Activity:
Extract the lines from the first line of the records below through the line containing "Phraser iOS Keyboard", inclusive, and reproduce them exactly as written.

Provided material:

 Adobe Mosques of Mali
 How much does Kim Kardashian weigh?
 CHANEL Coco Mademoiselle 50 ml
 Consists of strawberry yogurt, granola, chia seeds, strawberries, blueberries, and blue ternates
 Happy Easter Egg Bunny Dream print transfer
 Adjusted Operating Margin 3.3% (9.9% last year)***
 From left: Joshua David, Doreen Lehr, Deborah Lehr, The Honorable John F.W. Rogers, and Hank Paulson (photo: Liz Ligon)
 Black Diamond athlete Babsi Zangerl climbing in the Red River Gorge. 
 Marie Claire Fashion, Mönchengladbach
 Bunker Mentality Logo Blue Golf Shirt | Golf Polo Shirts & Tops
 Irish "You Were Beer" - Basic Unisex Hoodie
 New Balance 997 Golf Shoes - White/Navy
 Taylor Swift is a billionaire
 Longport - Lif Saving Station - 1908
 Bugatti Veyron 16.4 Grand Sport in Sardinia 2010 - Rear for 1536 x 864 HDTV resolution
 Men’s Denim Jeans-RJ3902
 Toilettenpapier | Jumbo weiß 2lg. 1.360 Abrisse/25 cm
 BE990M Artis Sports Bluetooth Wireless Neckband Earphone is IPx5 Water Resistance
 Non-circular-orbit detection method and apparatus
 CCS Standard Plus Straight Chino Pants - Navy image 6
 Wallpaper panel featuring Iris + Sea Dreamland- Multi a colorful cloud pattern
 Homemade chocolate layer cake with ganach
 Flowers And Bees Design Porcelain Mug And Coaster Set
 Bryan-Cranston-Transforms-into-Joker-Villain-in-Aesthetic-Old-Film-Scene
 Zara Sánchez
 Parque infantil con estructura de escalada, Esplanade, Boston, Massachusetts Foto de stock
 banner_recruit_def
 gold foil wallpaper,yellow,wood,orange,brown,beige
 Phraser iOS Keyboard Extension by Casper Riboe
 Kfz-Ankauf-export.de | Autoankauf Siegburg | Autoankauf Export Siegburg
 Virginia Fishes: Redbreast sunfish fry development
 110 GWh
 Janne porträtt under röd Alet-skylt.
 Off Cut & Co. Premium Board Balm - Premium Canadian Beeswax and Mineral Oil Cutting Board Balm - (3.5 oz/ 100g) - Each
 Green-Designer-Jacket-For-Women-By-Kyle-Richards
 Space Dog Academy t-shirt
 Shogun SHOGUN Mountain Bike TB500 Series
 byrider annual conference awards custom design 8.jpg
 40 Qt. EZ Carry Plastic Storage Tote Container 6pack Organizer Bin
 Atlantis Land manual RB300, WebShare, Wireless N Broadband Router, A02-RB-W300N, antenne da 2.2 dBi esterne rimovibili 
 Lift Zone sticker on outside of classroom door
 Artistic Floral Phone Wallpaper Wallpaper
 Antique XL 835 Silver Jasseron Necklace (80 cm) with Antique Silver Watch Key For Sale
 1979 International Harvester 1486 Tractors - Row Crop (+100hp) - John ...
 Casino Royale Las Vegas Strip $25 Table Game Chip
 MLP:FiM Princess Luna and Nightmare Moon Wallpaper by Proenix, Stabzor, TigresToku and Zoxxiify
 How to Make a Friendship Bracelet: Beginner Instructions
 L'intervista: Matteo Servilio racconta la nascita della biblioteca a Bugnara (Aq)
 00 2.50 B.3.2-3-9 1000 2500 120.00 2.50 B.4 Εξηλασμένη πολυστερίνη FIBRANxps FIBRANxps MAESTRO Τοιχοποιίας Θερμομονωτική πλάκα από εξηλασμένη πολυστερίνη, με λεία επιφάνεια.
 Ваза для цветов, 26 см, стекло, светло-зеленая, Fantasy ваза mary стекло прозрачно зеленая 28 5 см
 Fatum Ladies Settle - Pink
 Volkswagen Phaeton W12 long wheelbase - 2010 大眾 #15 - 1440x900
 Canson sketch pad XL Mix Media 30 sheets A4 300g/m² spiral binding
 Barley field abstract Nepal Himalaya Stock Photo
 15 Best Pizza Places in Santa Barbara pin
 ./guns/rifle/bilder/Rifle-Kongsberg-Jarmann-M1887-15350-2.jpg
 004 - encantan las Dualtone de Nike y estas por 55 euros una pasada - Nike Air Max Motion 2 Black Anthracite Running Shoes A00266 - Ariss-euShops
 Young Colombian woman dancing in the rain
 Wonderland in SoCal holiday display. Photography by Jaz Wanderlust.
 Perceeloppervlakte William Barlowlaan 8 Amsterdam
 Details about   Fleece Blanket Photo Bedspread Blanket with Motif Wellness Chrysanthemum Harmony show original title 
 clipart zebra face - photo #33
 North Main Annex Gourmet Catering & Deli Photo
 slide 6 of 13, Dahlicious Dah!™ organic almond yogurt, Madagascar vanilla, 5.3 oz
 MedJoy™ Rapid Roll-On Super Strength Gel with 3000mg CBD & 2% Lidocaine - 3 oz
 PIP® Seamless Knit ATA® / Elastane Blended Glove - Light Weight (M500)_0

Answer to this task:
 Adobe Mosques of Mali
 How much does Kim Kardashian weigh?
 CHANEL Coco Mademoiselle 50 ml
 Consists of strawberry yogurt, granola, chia seeds, strawberries, blueberries, and blue ternates
 Happy Easter Egg Bunny Dream print transfer
 Adjusted Operating Margin 3.3% (9.9% last year)***
 From left: Joshua David, Doreen Lehr, Deborah Lehr, The Honorable John F.W. Rogers, and Hank Paulson (photo: Liz Ligon)
 Black Diamond athlete Babsi Zangerl climbing in the Red River Gorge. 
 Marie Claire Fashion, Mönchengladbach
 Bunker Mentality Logo Blue Golf Shirt | Golf Polo Shirts & Tops
 Irish "You Were Beer" - Basic Unisex Hoodie
 New Balance 997 Golf Shoes - White/Navy
 Taylor Swift is a billionaire
 Longport - Lif Saving Station - 1908
 Bugatti Veyron 16.4 Grand Sport in Sardinia 2010 - Rear for 1536 x 864 HDTV resolution
 Men’s Denim Jeans-RJ3902
 Toilettenpapier | Jumbo weiß 2lg. 1.360 Abrisse/25 cm
 BE990M Artis Sports Bluetooth Wireless Neckband Earphone is IPx5 Water Resistance
 Non-circular-orbit detection method and apparatus
 CCS Standard Plus Straight Chino Pants - Navy image 6
 Wallpaper panel featuring Iris + Sea Dreamland- Multi a colorful cloud pattern
 Homemade chocolate layer cake with ganach
 Flowers And Bees Design Porcelain Mug And Coaster Set
 Bryan-Cranston-Transforms-into-Joker-Villain-in-Aesthetic-Old-Film-Scene
 Zara Sánchez
 Parque infantil con estructura de escalada, Esplanade, Boston, Massachusetts Foto de stock
 banner_recruit_def
 gold foil wallpaper,yellow,wood,orange,brown,beige
 Phraser iOS Keyboard Extension by Casper Riboe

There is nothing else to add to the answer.